Marc Tobiass - La cure
sera-t-elle longue ?
Nonie Darwish - Cela va
prendre beaucoup de temps, car de trop nombreuses générations ont grandi dans
la culture du jihad, ce qui les empêche d'appréhender
la paix et de la désirer. Ces générations ne connaissent rien des vertus de la
paix. Je sais, c'est une mauvaise nouvelle, pas seulement pour Israël, mais
pour le monde entier ainsi que pour les musulmans.
Marc Tobiass - Peut-on
parler d'une fascination de la violence qui aurait saisi le monde arabe et
musulman ?
Nonie Darwish - Quand
depuis la naissance on n'entend rien d'autre que le mieux à faire est de tuer
des Juifs, tuer des infidèles, de haïr l'Amérique et l'Europe, on grandit en
pensant que tout cela est normal. De plus, autour de cette normalité, on
instaure également la peur, la peur de tout ceux qui ne sont pas musulmans. Or
en instaurant la haine et a peur dans le cœur
et la tête des gens dès leur plus jeune âge, ils en
arrivent à croire que le terrorisme est acceptable, qu'il est même une
solution. Cet islam-là souffre d'une maladie très grave, voire autodestructive.
Et si je le dis ouvertement, c'est justement parce que j'aime ma culture
d'origine.
Marc Tobiass - Comment
aider au mieux la cause que vous défendez ?
Nonie Darwish - D'un
point de vue prosaïque en trouvant des volontaires qui m'aideraient à gérer mon
site internet.
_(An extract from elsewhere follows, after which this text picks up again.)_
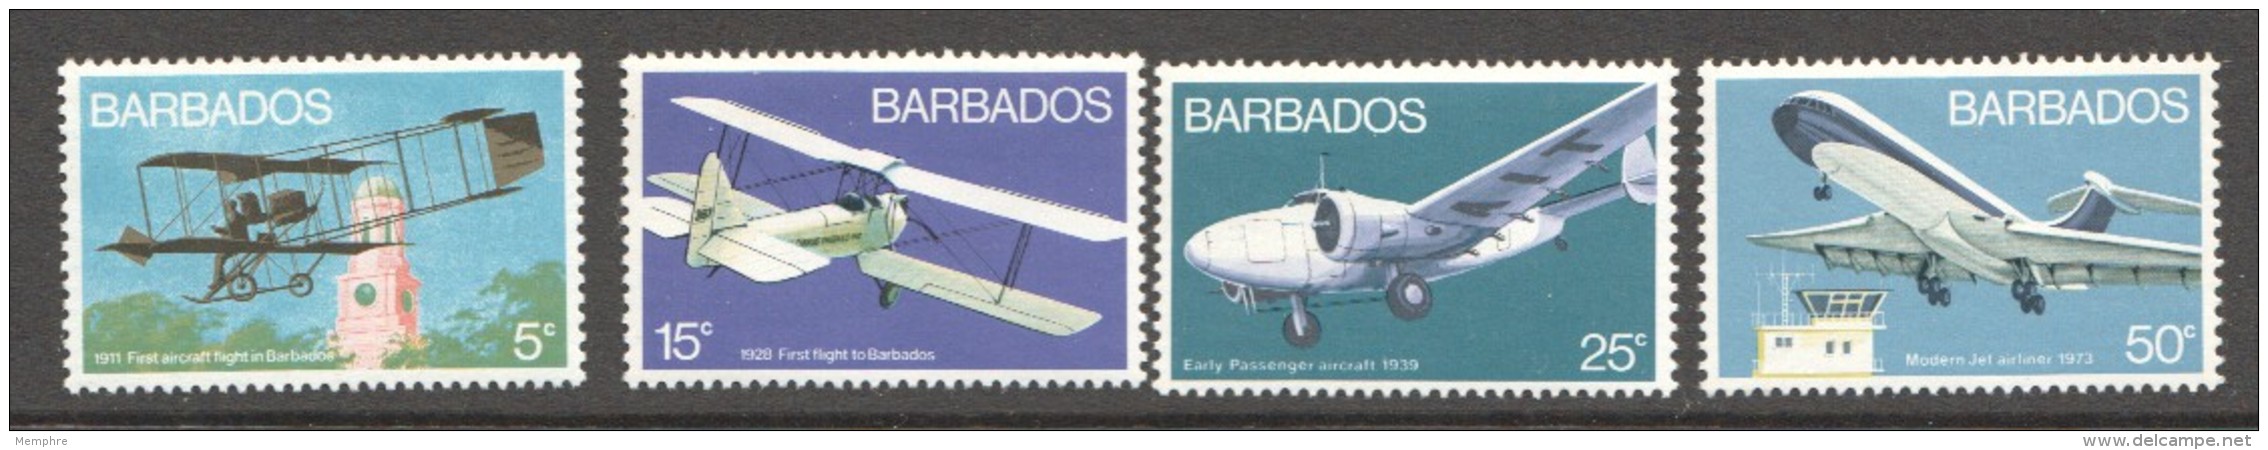 BARBADOS  1973  Aircrafts  Set Of 4  UM - MNh - Barbados (1966-...)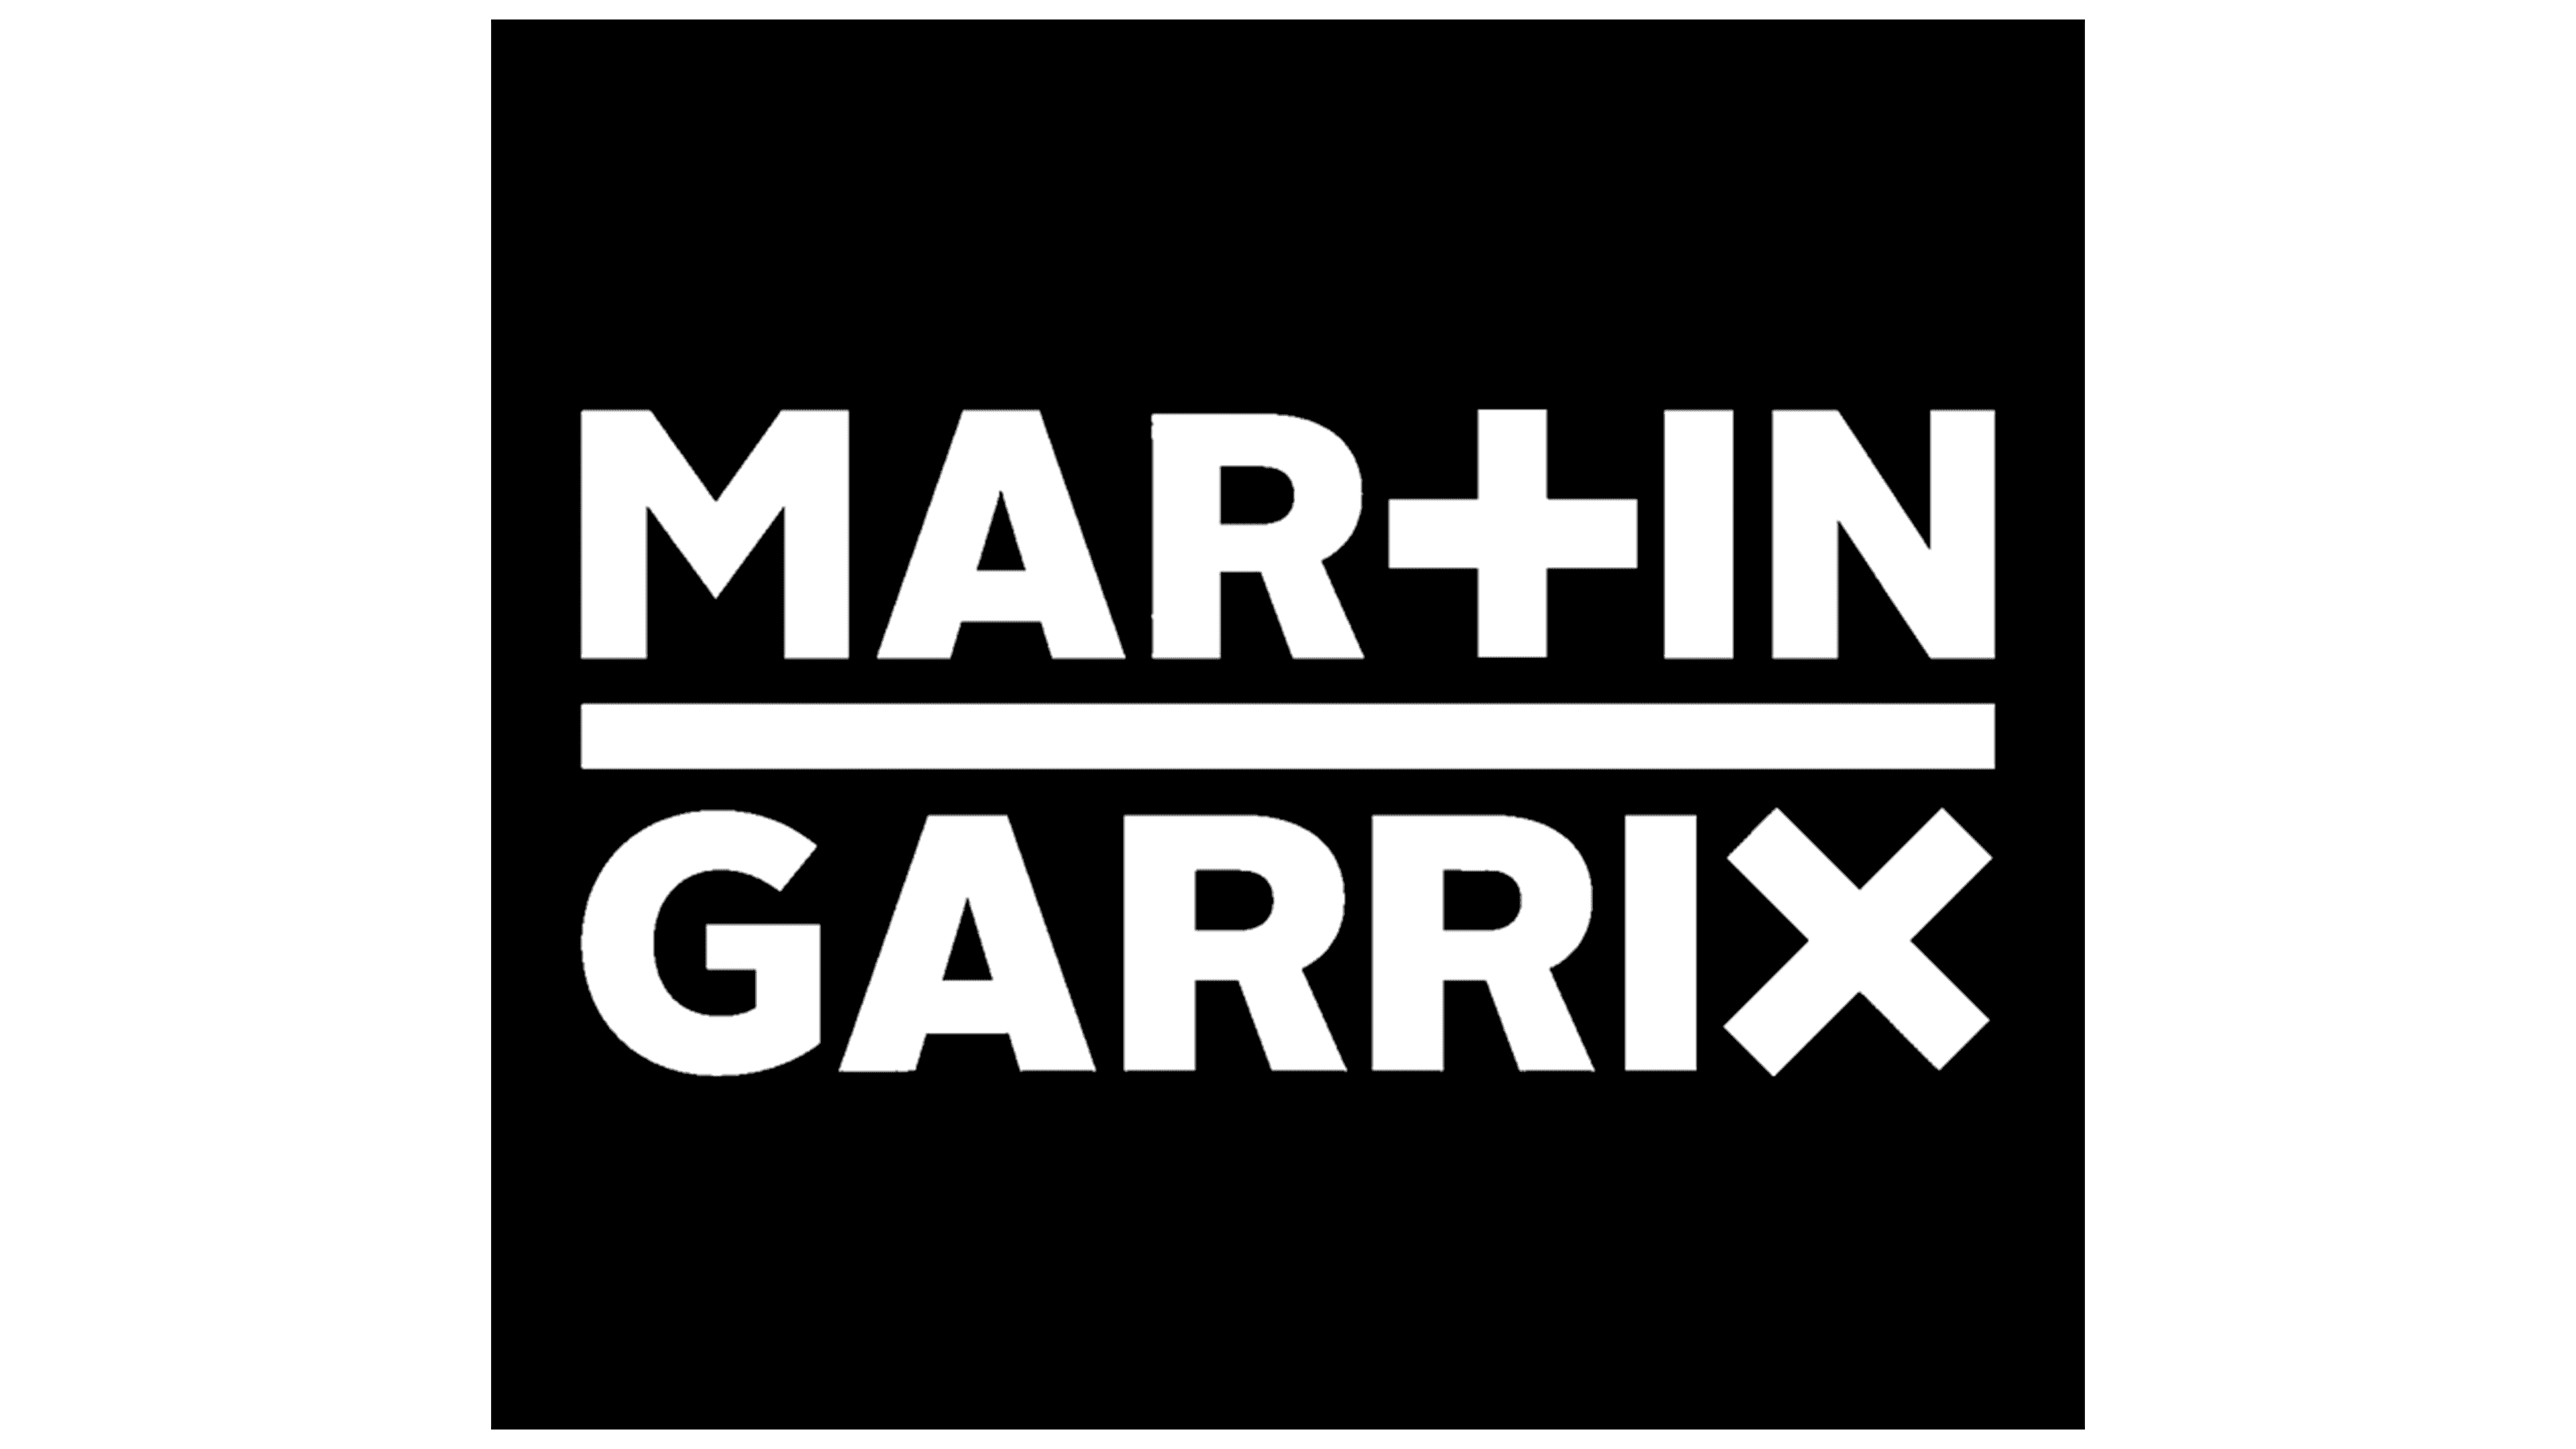 Martin Garrix LOGO REVEAL |ELEMENT 3D| |AFTER EFFECTS| - YouTube

J'aimerais pouvoir établir une interaction immédiate avec le
monde arabe. Il serait aussi grand temps que des Arabes sponsorisent les
mouvements qui luttent en faveur de la paix. Les Arabes ont besoin d'entendre
la vérité de la part d'autres Arabes. Cela aurait beaucoup plus d'impact que
tout ce que peut dire un élément étranger.